IPhone 5 Delay Speculation Continues: Don't Buy It - luigionline
http://www.i4u.com/46081/iphone-5-delay-speculation-continues-dont-buy-it

======
edw
This article is ridiculous: it poh-pohs speculation as such and then combats
the various speculative theories being tossed about with…speculation.

Gruber (or some Gruber-like person) argued that we may be seeing a decrease in
the tempo of hardware innovation in the iPhone space coming out of Apple due
to the product's asymptotic approach of the iPhone's Platonic ideal form.
Before long, if not with the iPhone 5, then with the 6 or 7—or whatever
they'll be called—we may see product introductions that are footnotes as
processor speed, memory, and battery life are incrementally bumped.

(NOTE: Having a relatively well-defined platform to develop for is something
mobile developers love about iOS vis-a-vis Android; to me that would indicate
that the bumps might come clumped together enough to provide an inducement to
upgrade in a lock-steppy manner. But I'm pulling that out of my ass.)
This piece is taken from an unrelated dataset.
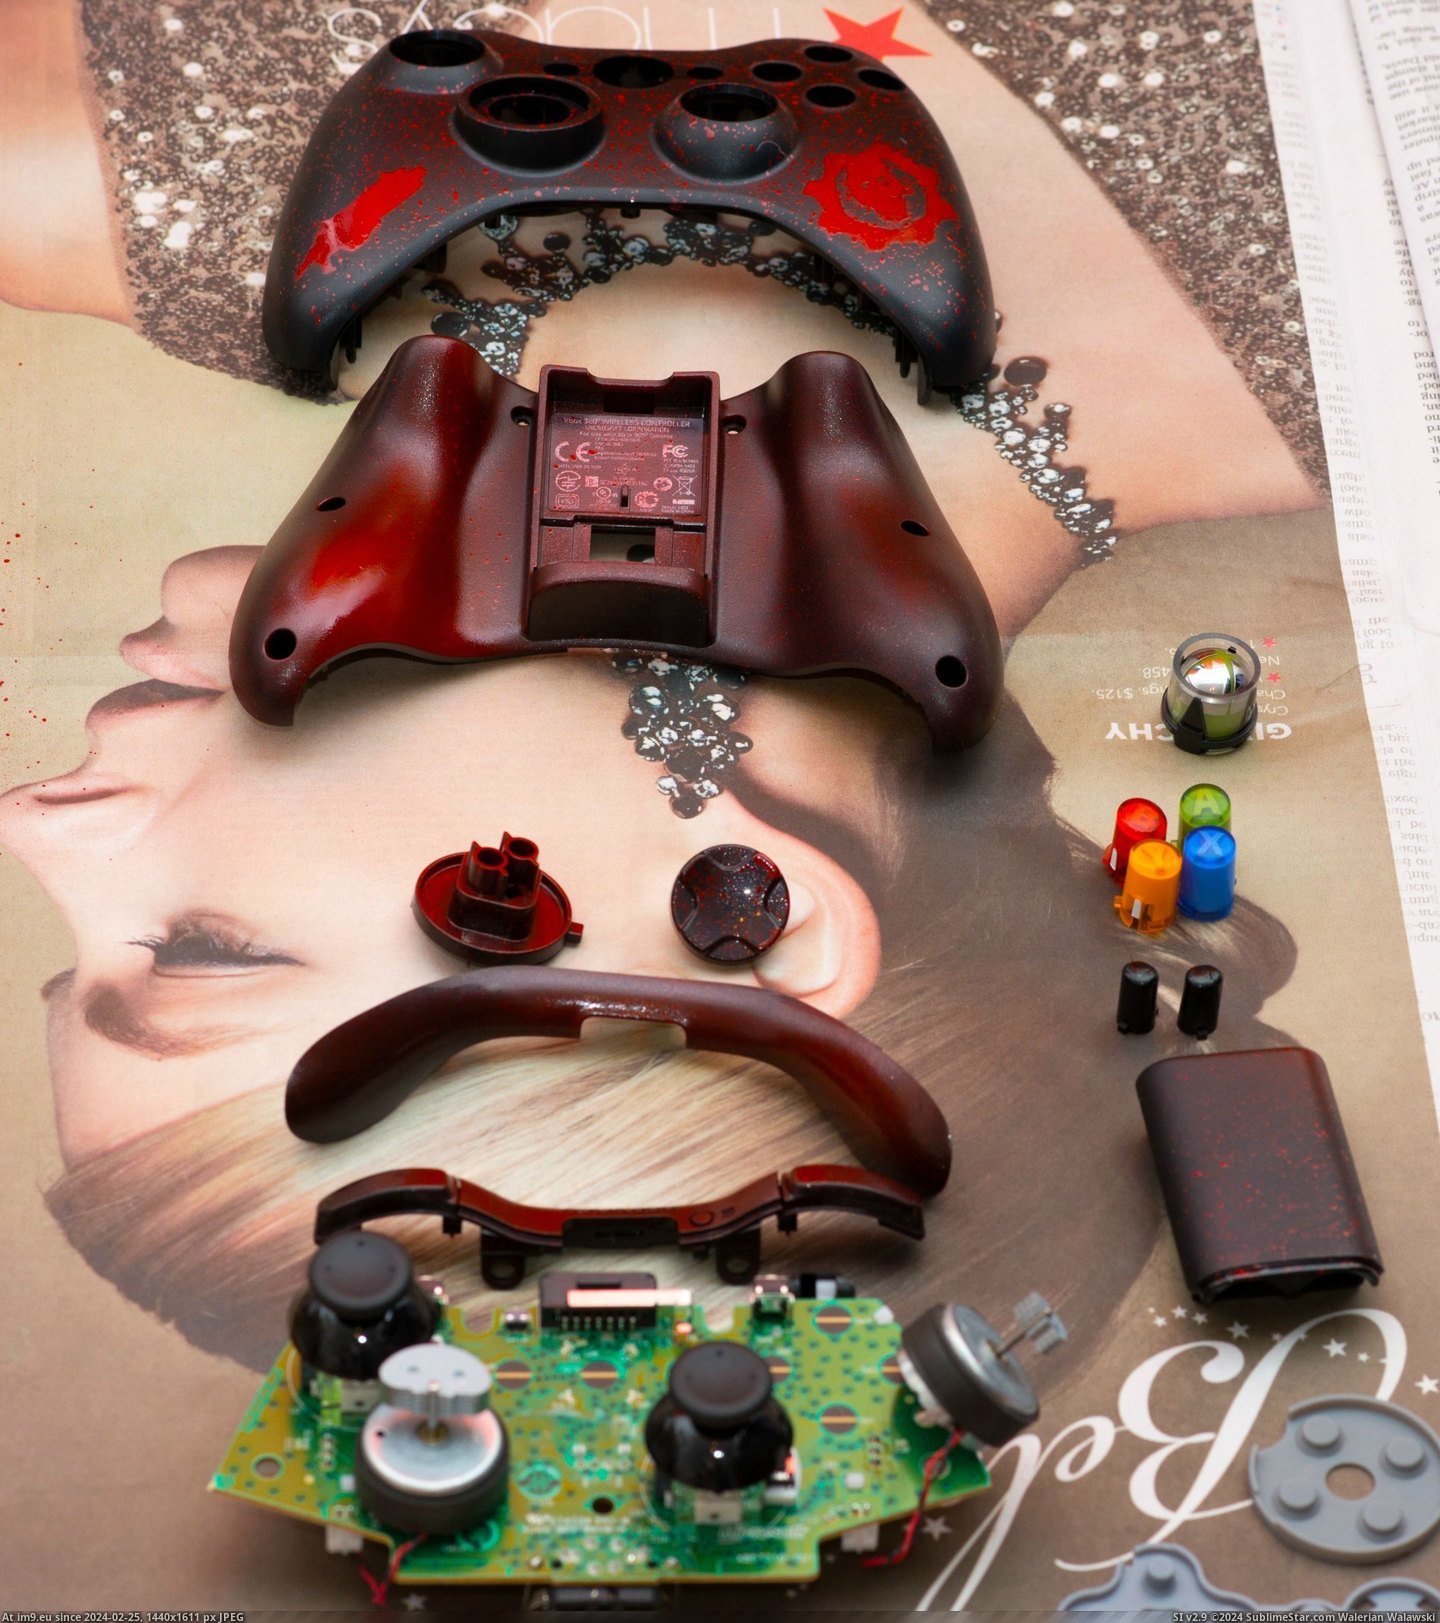 #Gaming #One #War #Controller #Redditor #Gears #Lucky #Painted #Xbox [Gaming] One lucky redditor is getting a custom painted Gears of War Xbox 360 controller! 1 Pic. (Bild von album My r/GAMING favs))

iOS is an ecosystem. There's Apple's hardware but, as we saw during the iPad 2
intro, the software is just as important. And don't forget AirPlay. Apple
wants to create a compelling ecosystem for consumers, developers, and content
providers, and people who think that bumping the clock speed or the amount of
memory beyond certain good-enough points are the sorts of people who might
think that the next step for AirPlay after supporting 24bit@96kHz sampling
rates is to move on to 32bit@192kHz. In other words, they're spec whores, and
don't appreciate what Apple's doing, which is, to re-phrase and repeat (and
paraphrase and augment Steve's twice-delivered spiel), the intersection of
commerce and tech and the arts.